- Presented by: Kirsten O'Brien Mark Speight Jay Burridge Lizi Botham
- Starring: Marcus Clarke (as Doogy the Dog)
- Country of origin: United Kingdom
- Original language: English
- No. of episodes: 50

Production
- Executive producer: Chris Bellinger
- Producer: Chris Tandy
- Running time: 15 minutes
- Production company: BBC

Original release
- Network: CBeebies
- Release: February 11, 2002 – 2003

Related
- SMart SMart on the Road SMart Hart

= SMarteenies =

British children's television programme

SMarteenies is a children's art programme produced by BBC's in-house children's division aimed at pre-school audiences. It was a spin-off of the CBBC programme SMart, and aired on CBeebies.

==About==
The series was presented by the four then-current presenters from the original SMart - Jay Burridge, Lizi Botham (referred to as "Bizi Lizi"), Kirsten O'Brien and Mark Speight. Each presenter had a corresponding colour, represented through a coloured T-shirt with the show's logo on it - Blue for Jay, Yellow for Lizi, Sky for Kirsten and Red for Mark. Each of the presenters hosted two different segments, which alternated every other episode.

The programme started with the four presenters standing in a row determining who was to do the first piece (with the rhyme: "Eeny, meeny, miny, moe, SMarteenies guess who'll have a go"), with the large CGI paintbrush from the show's logo flying above their heads like a rocket choosing the presenter and they would transition over to the segment.

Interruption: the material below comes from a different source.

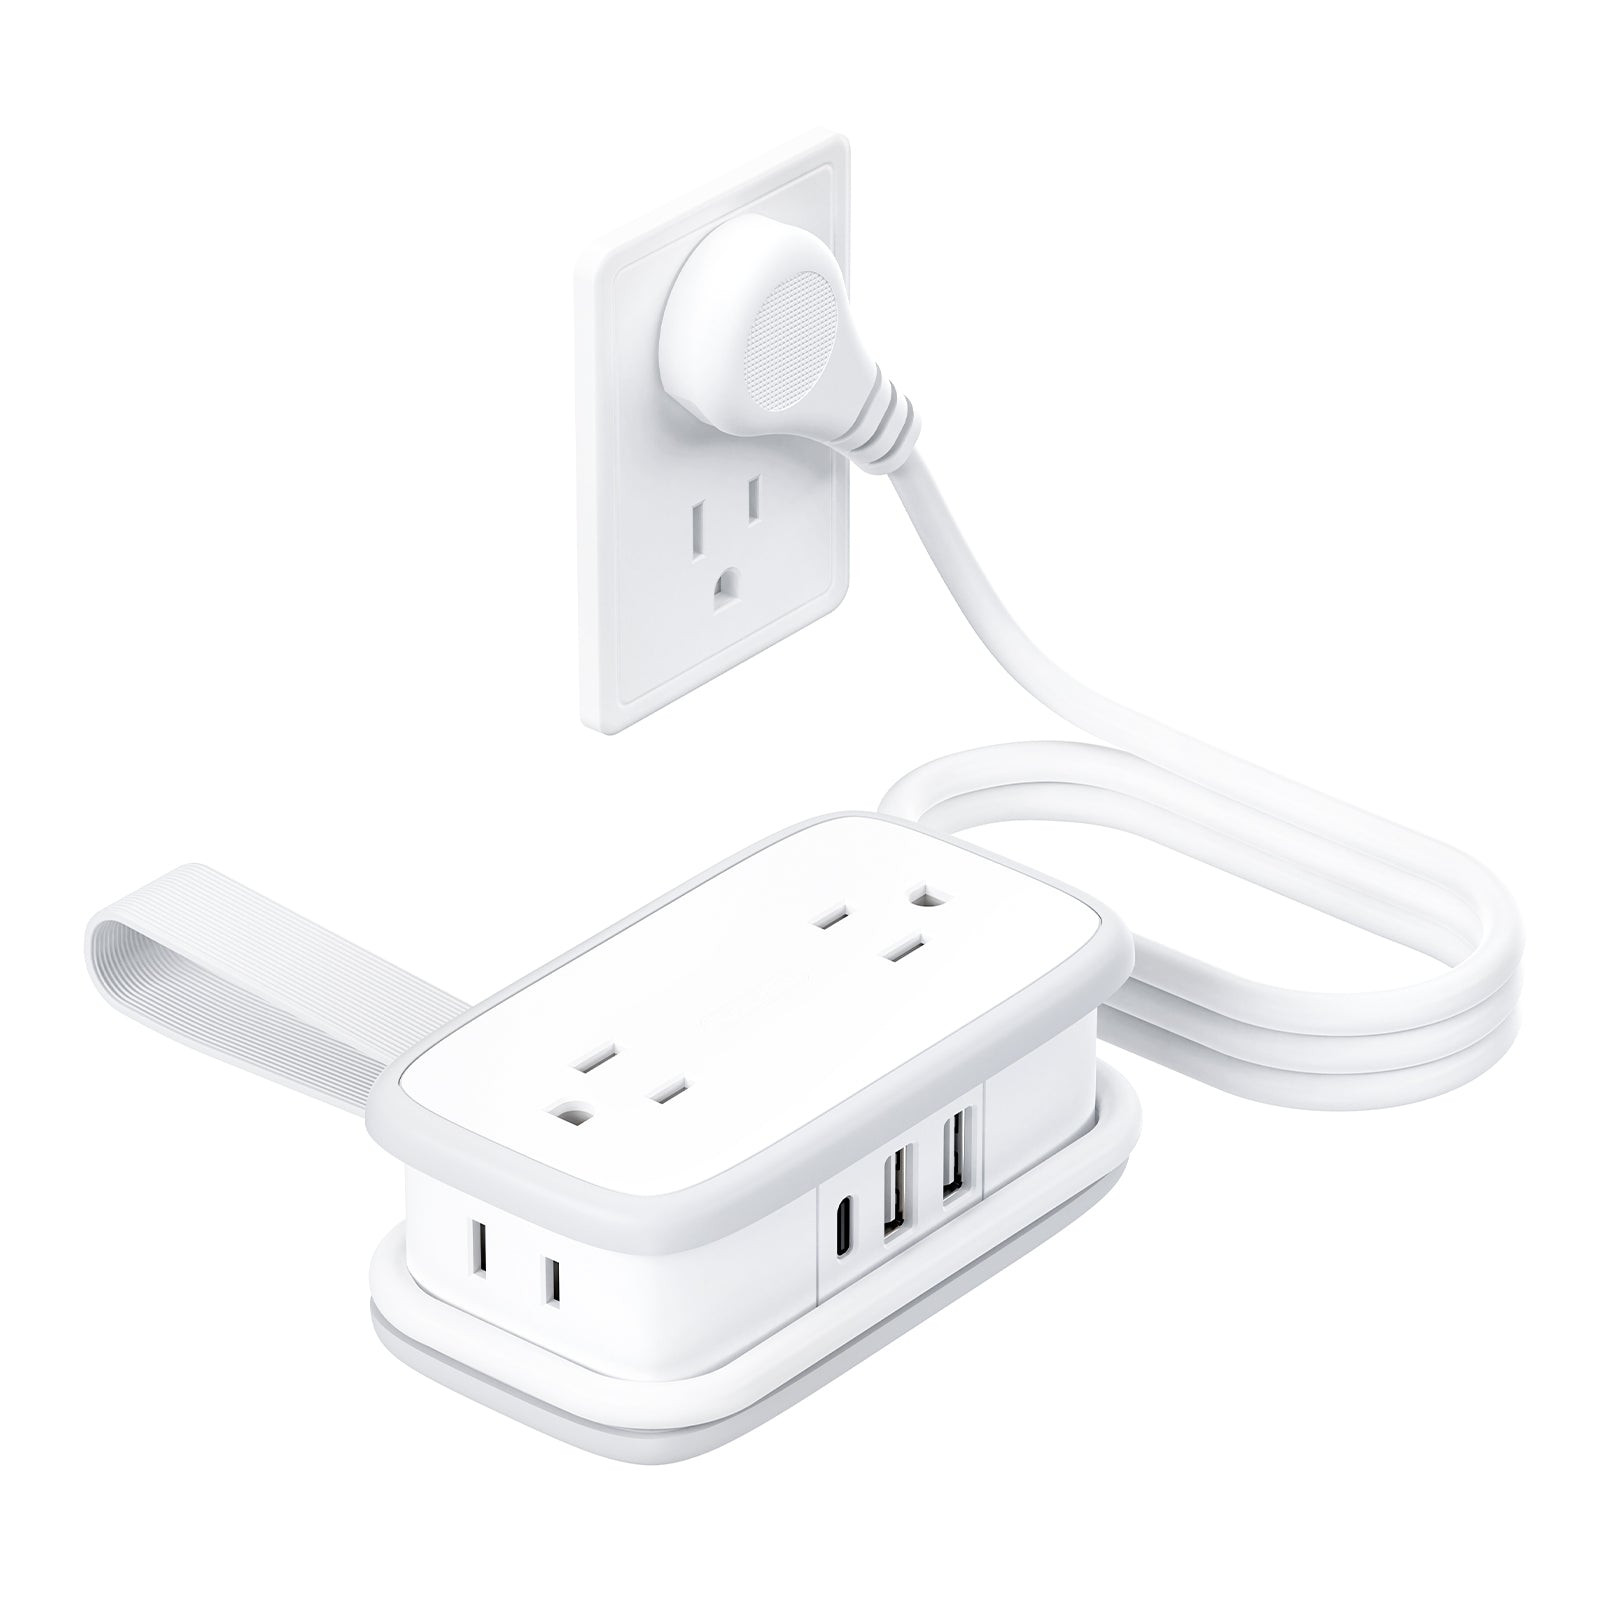 Ntonpower Pocket Power Strip 4 Outlets 3 USB Ports

Following each piece, the programme returned to this screen to select the next presenter.

===Odd-Numbered Episodes===
- Man of Letters - Hosted by Jay, he wore a postman's cap and carried a messenger bag covered with alphabet letters. The bag contains items and artistic tools starting with a particular letter of the alphabet which he then uses to produce a piece of art.
- Fingerprint Art - Hosted by Lizi, she uses her fingerprints to create pictures on a screen in front of the camera and uses a black marker to detail images. This segment appeared three times in between the other segments and contains no dialogue aside from Lizi mentioning what the picture is when completed.
- Doogy - Hosted by Kirsten, she and puppet Doogy the Dog (played by Marcus Clarke) produce various works of art in this sitcom-like segment. Doogy normally goes out in his little blue car called the "Doogymobile" to get things for Kirsten.
- Shape Store - Hosted by Mark, he would make different pictures out of different shapes, beginning with the catchphrase “Ready steady shapes”. Mark wears a brown jacket in addition to his red T-shirt in this segment.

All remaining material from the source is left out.